Data shown:
● ● ● ●

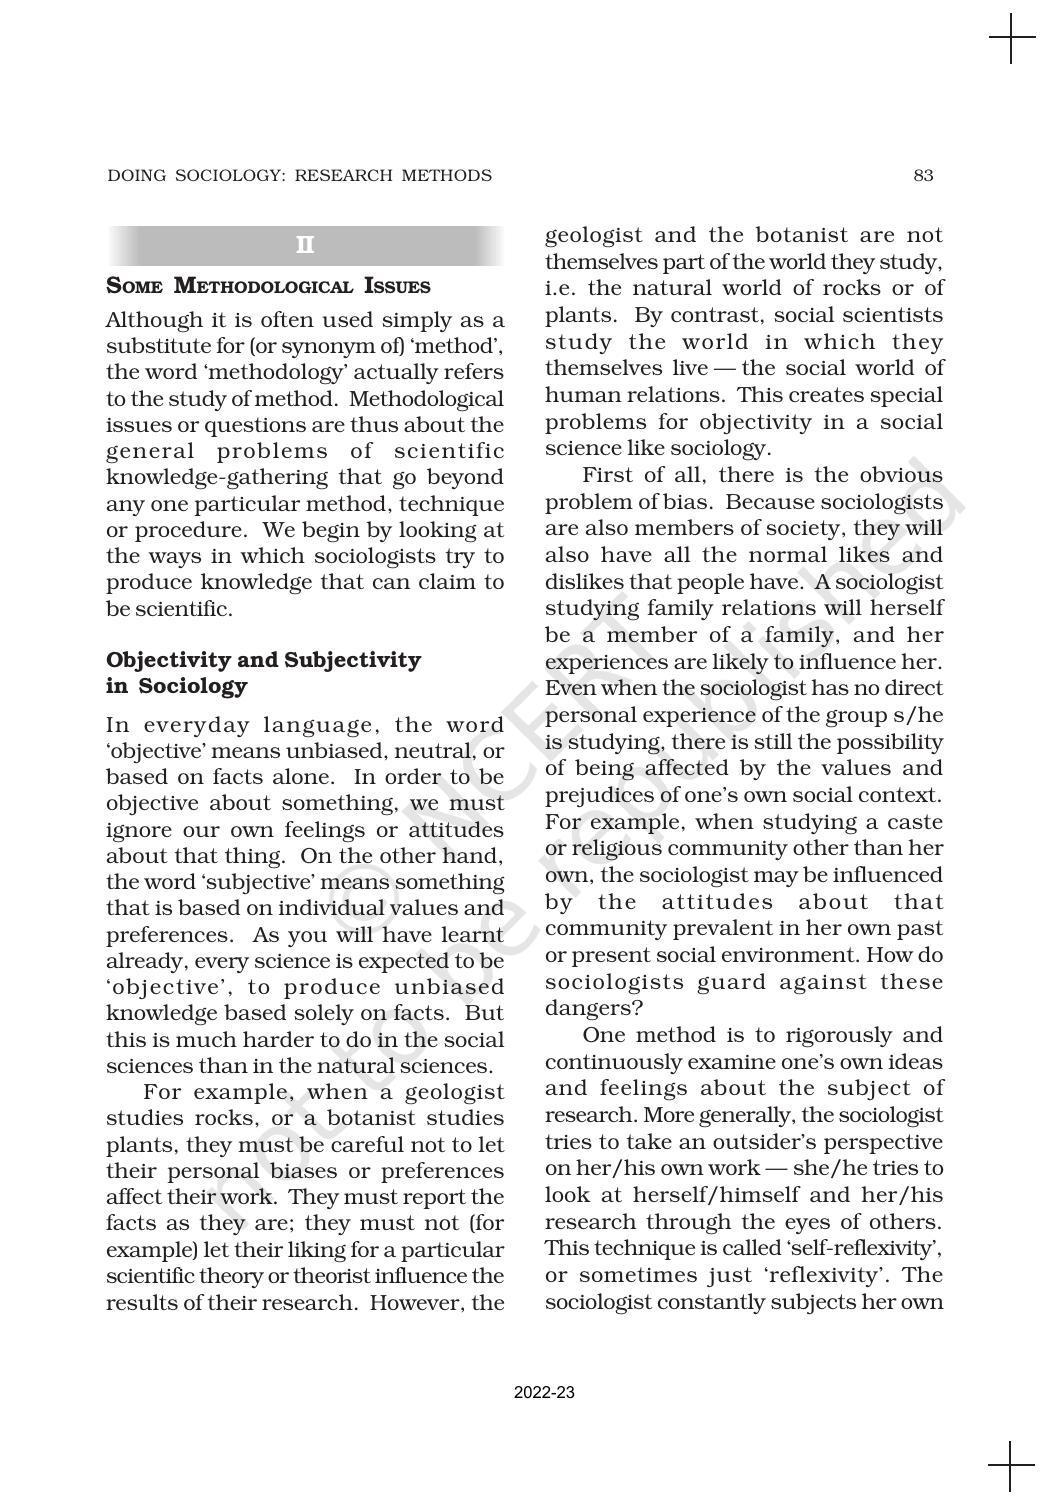 NCERT Book for Class 11 Sociology (Part-I) Chapter 5 Doing Sociology: Research Methods - Page 2
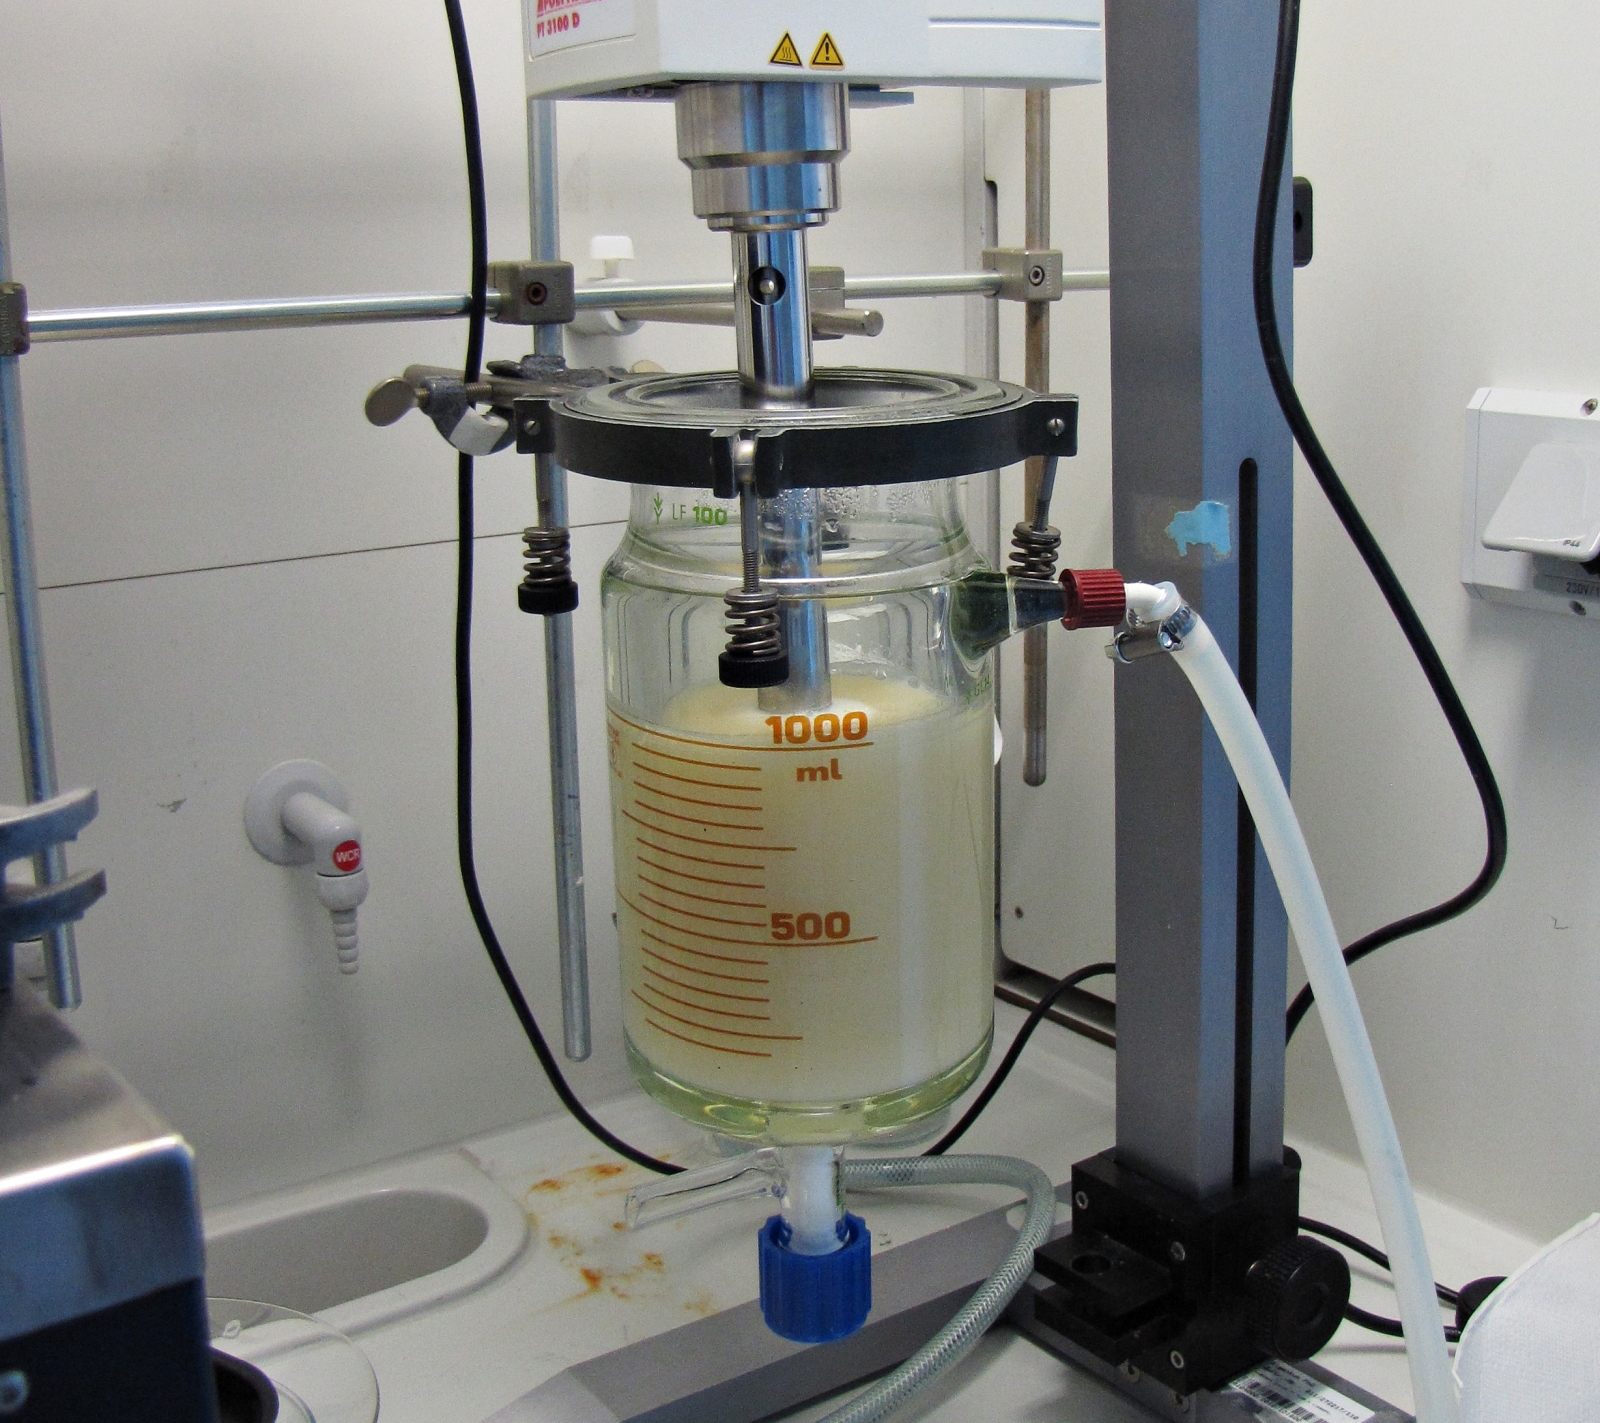 Machine that shows the mixing of wachs, proteines and additives for producing aqueous coating dispersion
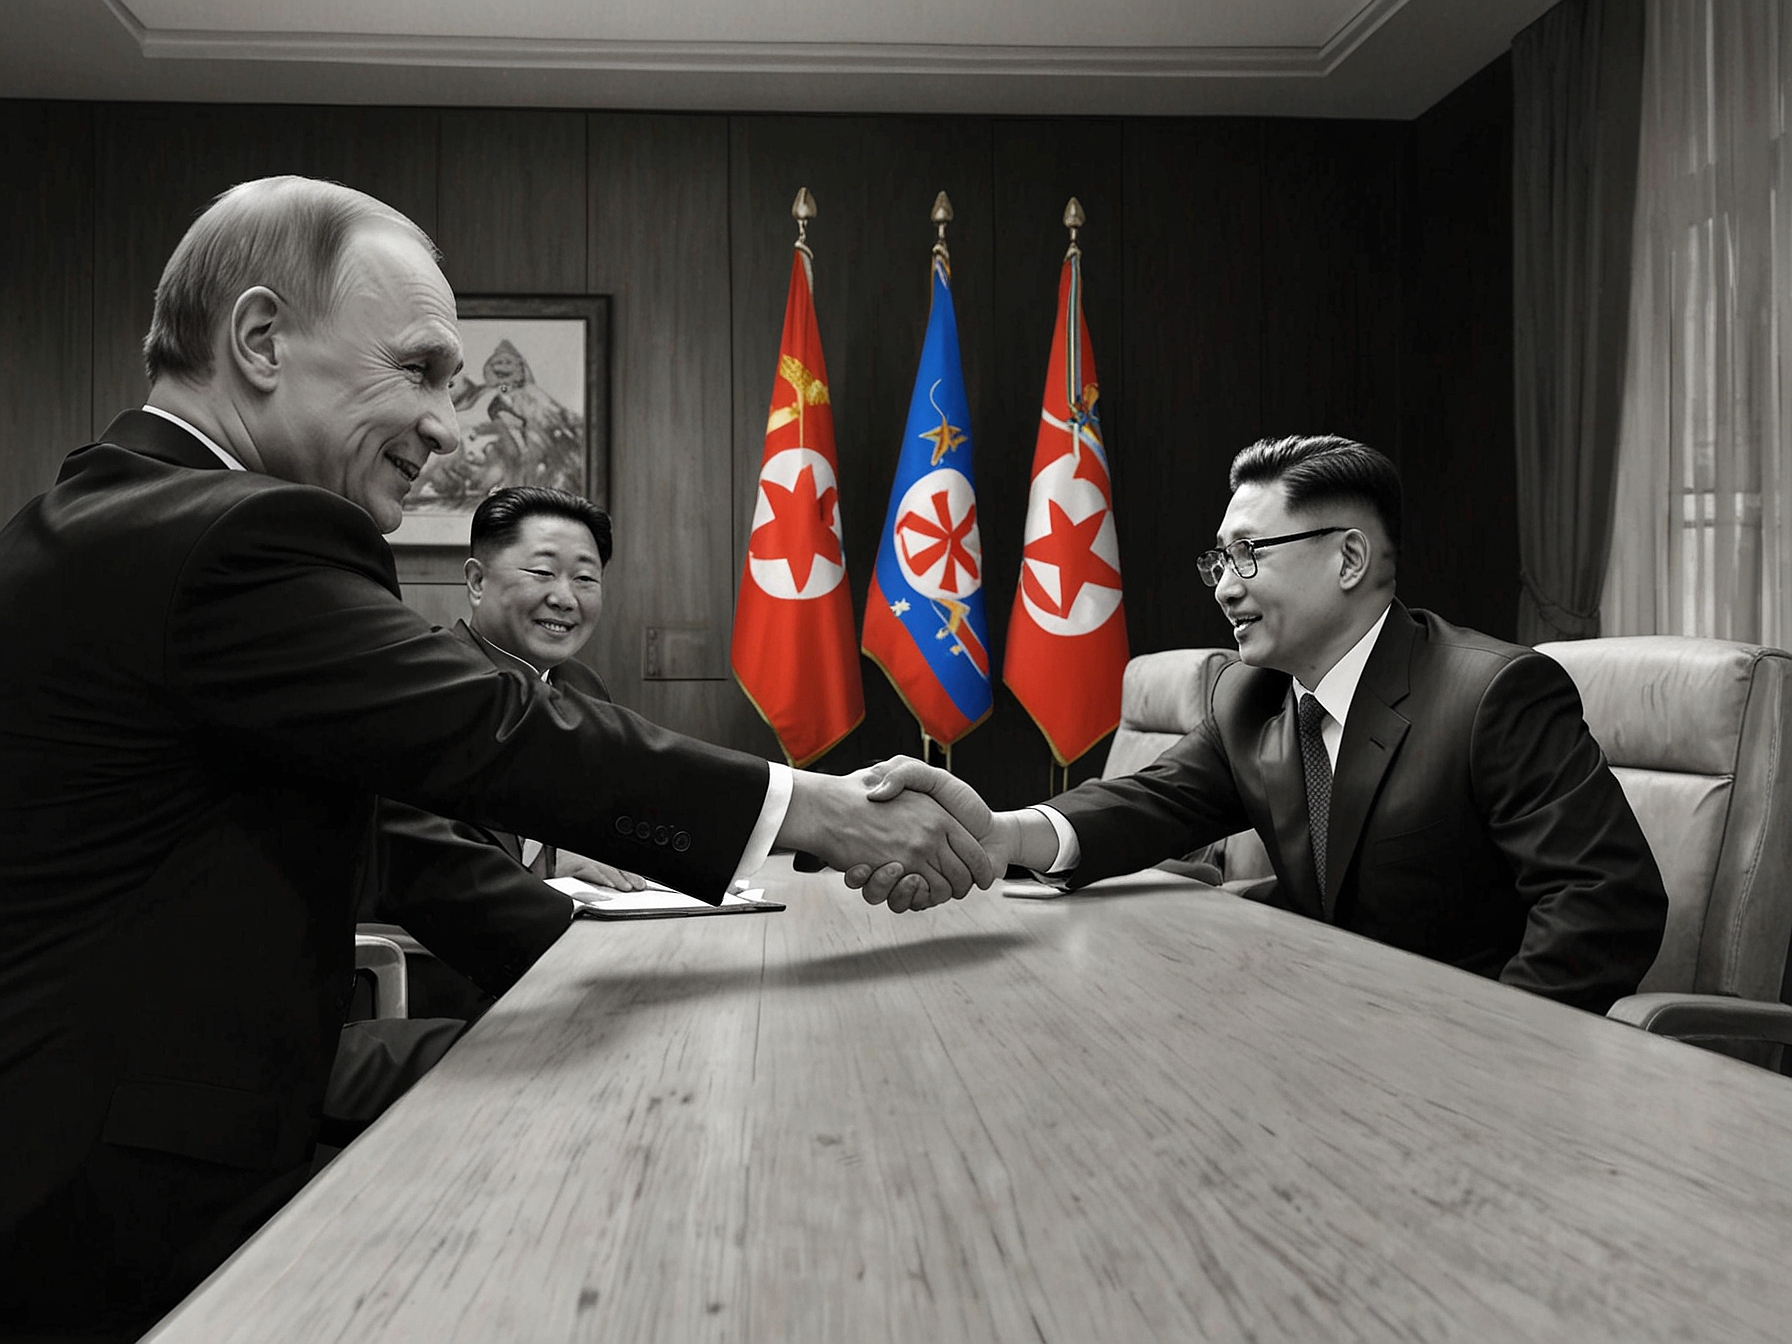 Vladimir Putin and Kim Jong-un shaking hands during a historic visit, reflecting Russia's renewed engagement with North Korea amidst shifting geopolitical dynamics in Northeast Asia.

● ● ● ●

Work order:
Except for the pictures, give the data again word for word.

Expected answer:
 NCERT Book for Class 11 Sociology (Part-I) Chapter 5 Doing Sociology: Research Methods - Page 2
 Machine that shows the mixing of wachs, proteines and additives for producing aqueous coating dispersion
 Vladimir Putin and Kim Jong-un shaking hands during a historic visit, reflecting Russia's renewed engagement with North Korea amidst shifting geopolitical dynamics in Northeast Asia.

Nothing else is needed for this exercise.